Guideline source: American Heart Association
Evidence rating system used? Yes
Literature search described? Yes
Guideline developed by participants without relevant financial ties to industry? No
Published source: Circulation, March 2011
Cardiovascular disease (CVD) in women has health and economic implications; therefore, continuing efforts should be made to control risk factors and to provide evidence-based treatment. The American Heart Association (AHA) first published guidelines about CVD in women in 1999. Since then, the guidelines have evolved based on continuing review of the literature. Major changes addressed in the 2011 guidelines are that benefits and risks found in the clinical practice setting were strongly considered, and recommendations were not based solely on benefits found in the clinical research setting. The 2011 guidelines also now include information on the cost-effectiveness of various preventive methods and guideline implementation. Interventions that were not recommended in previous guidelines because they were not useful or effective, or because they could be harmful (class III recommendations; Table 1), were not changed because there was no new evidence.

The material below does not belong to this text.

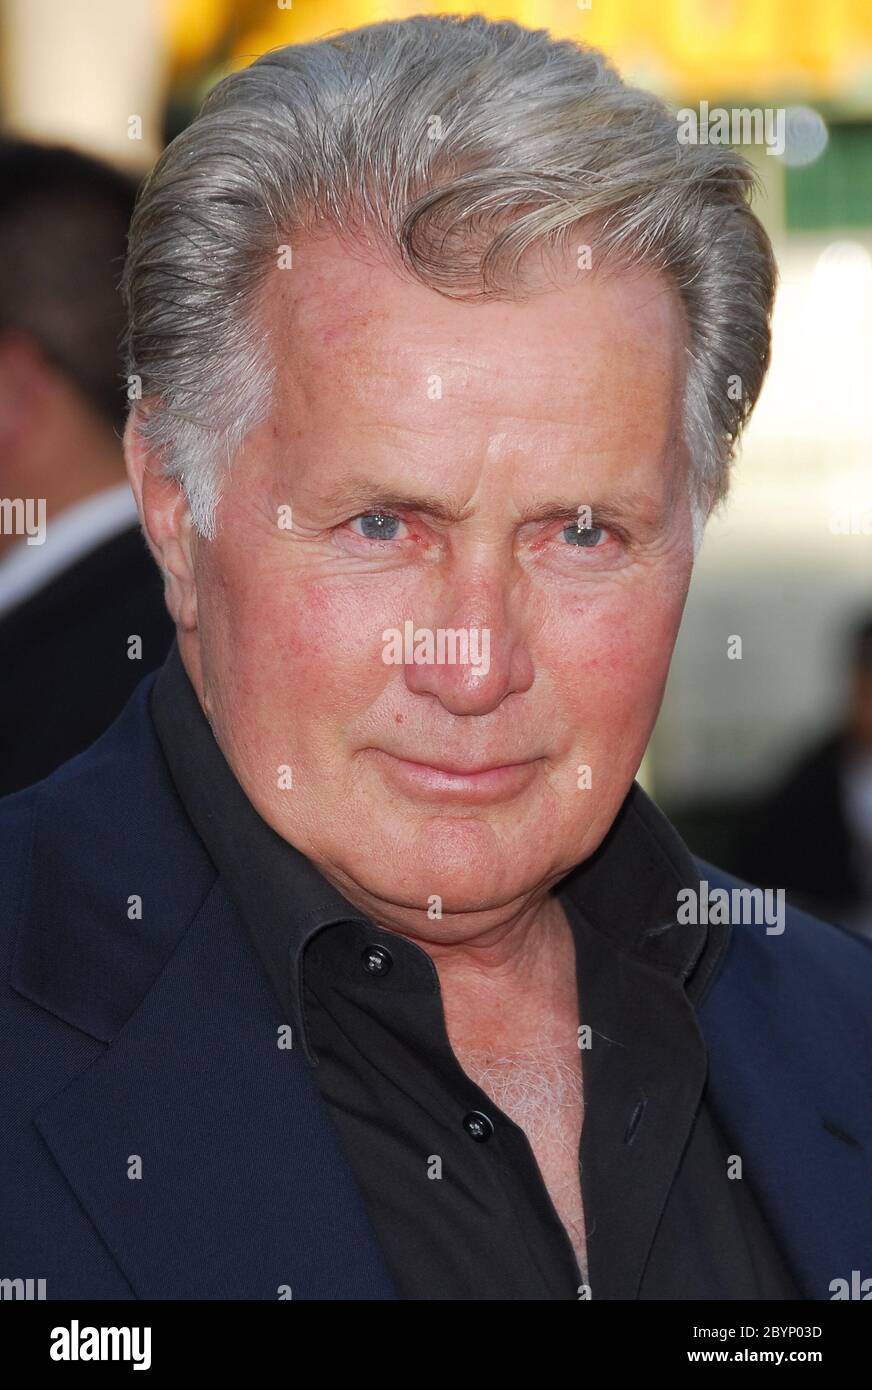 Martin Sheen at the 2007 Los Angeles Film Festival Opening Night of 'Talk To Me' held at the Mann's Village Theatre in Los Angeles, CA. The event took place on Thursday, June 21, 2007. Photo by: SBM / PictureLux - File Reference # 34006-6505SBMPLX Stock Photo

|Hormone therapy and selective estrogen receptor modulators should not be used for the primary or secondary prevention of CVD|
|Antioxidant vitamin supplements (e.g., vitamin E, vitamin C, beta carotene) should not be used for the primary or secondary prevention of CVD|
|Folic acid, with or without vitamin B6 and B12 supplementation, should not be used for the primary or secondary prevention of CVD|
|Aspirin for myocardial infarction in women younger than 65 years|
|Routine use of aspirin in healthy women younger than 65 years is not recommended to prevent myocardial infarction|
The 2007 guidelines included a new algorithm for CVD risk classification. It divided women into three categories:
High risk, based on the presence of CVD, diabetes mellitus, end-stage or chronic kidney disease, or 10-year predicted risk of coronary heart disease greater than 20 percent
At risk, based on the presence of at least one major risk factor, metabolic syndrome, evidence of subclinical vascular disease, or poor exercise tolerance on treadmill testing
Optimal risk, based on a Framingham risk score of less than 10 percent, absence of major risk factors, and a healthy lifestyle
Since publication of the 2007 guidelines, new evidence was found to support the use of this risk classification algorithm; therefore, the AHA continued to use this approach for the 2011 guidelines (Figure 1), with several modifications. One is the decision to address the concept of ideal cardiovascular health, which is defined as the absence of CVD; presence of ideal total cholesterol level, blood pressure, and fasting blood glucose level; and engagement in healthy behaviors (e.g., having a lean body mass index, not smoking, participating in physical activity). This ideal cardiovascular health is associated with increased longevity, reduced risk of CVD, greater quality of life, and lower Medicare costs in older age. Other changes to the 2007 algorithm include addressing the availability of several 10-year risk equations for predicting 10-year global CVD risk (e.g., updated Framingham risk profile, Reynolds risk score).
Recent clinical trial data suggest that statins are cost-effective for the prevention of CVD. The Justification for Use of Statins in Prevention, an Intervention Trial Evaluating Rosuvastatin (JUPITER) trial also determined that statins were effective for reducing global CVD risk. Other evidence supports focusing on long-term CVD risk, rather than only on 10-year coronary heart disease risk.
The role of new CVD risk markers and imaging modalities in risk assessment and determination of appropriate preventive interventions is not well defined, and more information is needed on the associated benefits, risks, and costs. The AHA recommends that these strategies be used only to refine risk estimates in intermediate-risk patients, in whom there is uncertainty about initiating pharmacotherapy. New risk factors that have been associated with increased CVD risk in women have been identified; however, their ability to screen for CVD or to improve clinical outcomes is unknown.